When we are the one who hurt someone, we want mercy. We want them to look at us and say, “I will not punish you. I will not fire you, or cut you off from this friendship, or levee this fine on you. I will not carry on this family feud.” Because that is what mercy is: the act of withholding punishment.

When we are the hurt ones, we struggle to deliver mercy. Because we’re hurt, damn it. Because we have been betrayed. The desire to inflict hurt, we believe, lessens our pain. We want retribution, in other words.

Punishing someone doesn’t lessen our pain. Intuitively, it seems like it should. But punishment is not the same thing as seeking restitution or remediation. Restitution is restoring what was lost, whether money or trust. Remediation is fixing the problem. These things, not retribution, set the balance right.

An example of giving mercy through process is restorative justice, which seeks to connect offender and victim and allow the victim and community to truly speak their sorrow, their pain and anger. 
Restorative justice is a hard concept to fathom, because it requires reconciliation rather than adjudication. It requires facing the offender and explaining the hurt, and it requires the offender listen. We don’t quite trust the process. It doesn’t always work. But the willingness to try it is what we call mercy.

Day 25 Reflection: Blessings

 Note: I am not usually overly Christian in my writing, being rather universalist in my leanings. But as the topic is blessings, I thought I would write in the dominant American religious view, Christianity, and its struggle with the concept of blessings.
******

I dreamed last night that I was watching a religious TV movie and then I was in it. In the dream, I had checked in to this hotel of sorts, feeling rather down, and I noticed the others in there with me suffered from similar struggles. Being in this place, this boarding house of sorts, elevated us and helped us feel more cherished in the world.

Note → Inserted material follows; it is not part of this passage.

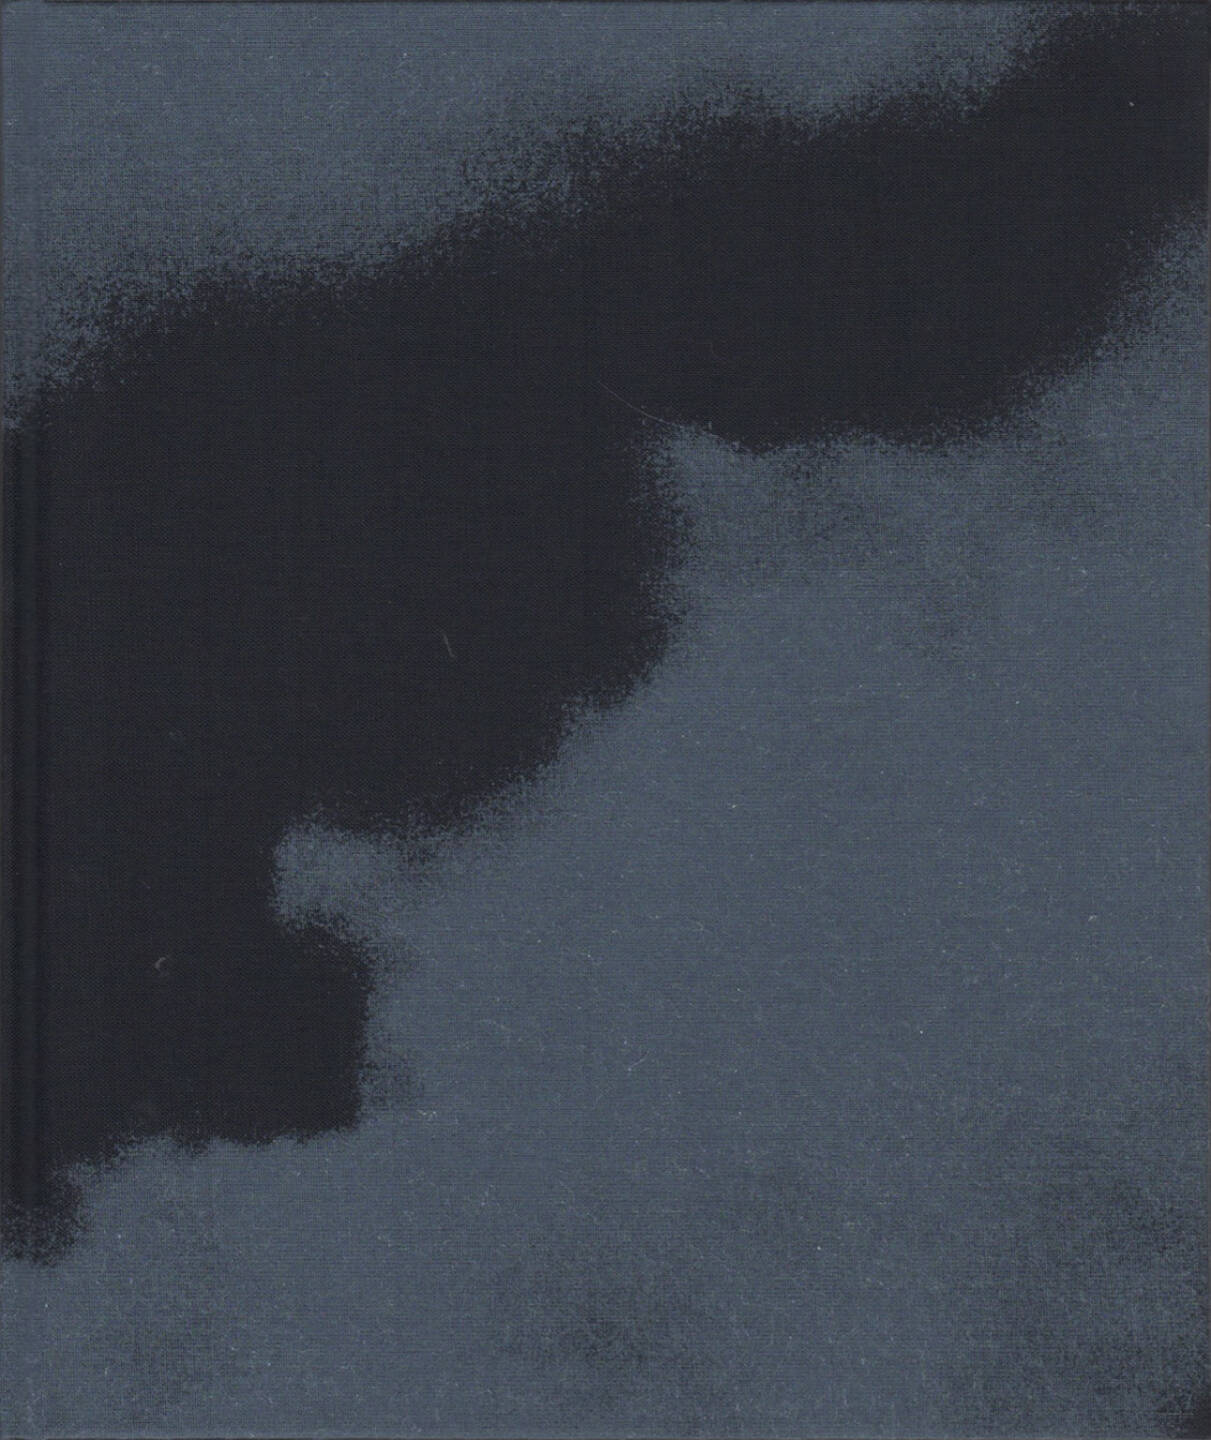 Masakazu Murakami - Kumogakure Onsen: Reclusive Travels, Roshin books 2015, Cover - http://josefchladek.com/book/masakazu_murakami_-_kumogakure_onsen_reclusive_travels_村上仁一_写真集_雲隠れ温泉行

Then I stepped out of the movie for a moment and said to my husband, who watched the movie with me (at a bed-and-breakfast, incidentally) “Watch what happens” in the most cynical tone of voice.

When I returned to the movie, one of the people running the establishment had added a month’s supply of some sort of supplement to my bill. And then the other residents started objecting to the new residents who had come in — from what a sputtering man said, his children should not be exposed to what he called “girly-boys”. 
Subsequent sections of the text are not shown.